The Navy’s planned carrier-based unmanned aerial vehicle (UAV) will help the service in a transition from manned strike aircraft to a future autonomous strike platform, Secretary of the Navy Ray Mabus said on Wednesday.
While the final character of the Unmanned Carrier Launched Surveillance and Strike (UCLASS) is still being developed, Mabus said whatever the outcome it would likely not possess the autonomous deep strike capability into contested areas the service ultimately will require.
“What we currently think it won’t be able to do is in the current [request for proposal] we’re looking at, is to do autonomous contested strike,” Mabus told reporters following an address at the U.S Naval Academy (USNA).
“What we’re looking at UCLASS is to be the bridge between manned systems and completely autonomous unmanned strike — which will be sometime in the 2020s — to develop that program using UCLASS to get us there.”
The final Navy requirements for UCLASS’ air segment are contingent upon the findings of a Department of Defense UAV strategic program review (SPR, pronounced spear), which will be finalized later this year.
UCLASS has been among the service’s most hotly debated acquisition programs in recent memory.
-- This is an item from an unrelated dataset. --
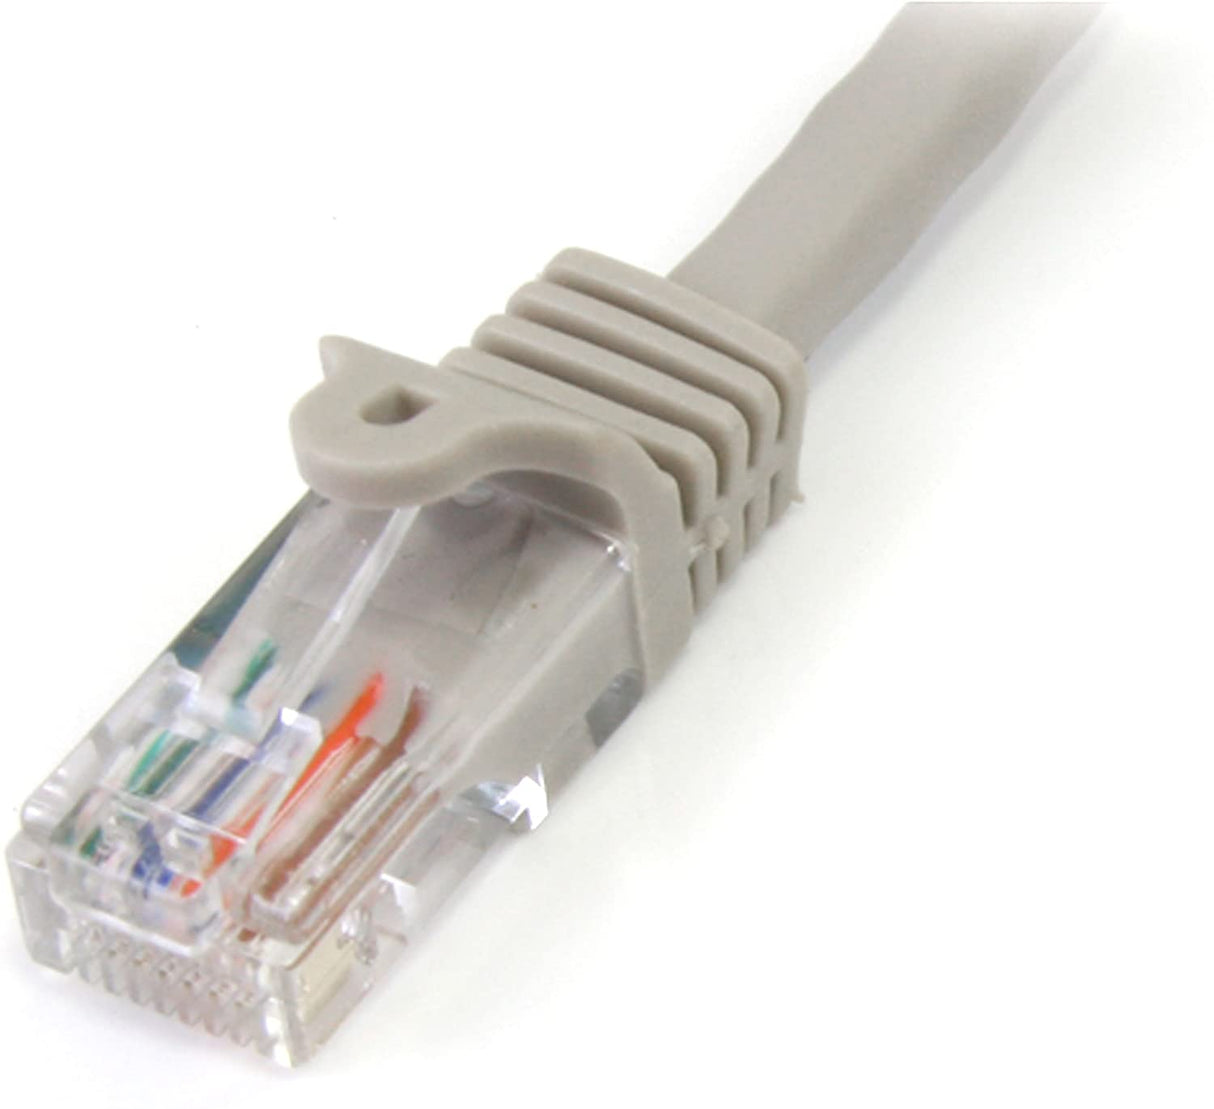 StarTech.com Cat5e Ethernet Cable - 1 ft - Gray- Patch Cable - Snagless Cat5e Cable - Short Network Cable - Ethernet Cord - Cat 5e Cable - 1ft (45PATCH1GR) 1 ft / 30cm Grey

The majority of the naval aviation establishment is pushing for a high endurance aircraft that would be primarily a carrier-based information, surveillance and reconnaissance (ISR) platform with a light strike capability while some members in Congress and experts outside the Navy are pushing for a heavily armed stealthy penetrating strike aircraft.
“UCLASS can do a lot of stuff we still don’t know everything it can do because we haven’t put out the RFP yet, we don’t know what exactly industry can give us,” Mabus said.
“But UCLASS can certainly do ISR, UCLASS can certainly do refueling, we just proved that.”
The Navy has plans to introduce UCLASS to the fleet by 2022 to 2023
While Mabus said UCLASS might not be the penetrating strike aircraft some advocates are hoping for, the Navy will ultimately need an autonomous strike platform.
“We have to moved to unmanned. That’s the future,” he said in response to a question from an USNA midshipman.
“Not just ISR, not just refueling but strike.”
Mabus did not specify if the autonomous deep strike capability would be developed in a program before the service’s planned Boeing F/A-18E/F Super Hornet replacement program — F/A-XX.
“I don’t know exactly what program it will fall under, but whatever F/A-XX looks like it should be unmanned,” he said.
Next year, the service will start the Analysis of Alternatives for F/A-XX in conjunction with the Air Force’s F-X program.
Last month, Mabus predicted the Lockheed Martin F-35 Lighting II Joint Strike Fighter (JSF) “almost certainly will be, the last manned strike fighter aircraft the Department of the Navy will ever buy or fly,” he said in address at the Navy League’s 2015 Sea-Air-Space Exposition.
In the same speech he announced the creation a new deputy assistant secretary of the Navy for unmanned systems and a new Navy staff position — alongside warfare directorates like surface and air warfare — N-99.
“Unmanned systems, particularly autonomous ones, have to be the new normal in ever-increasing areas,” Mabus said in April.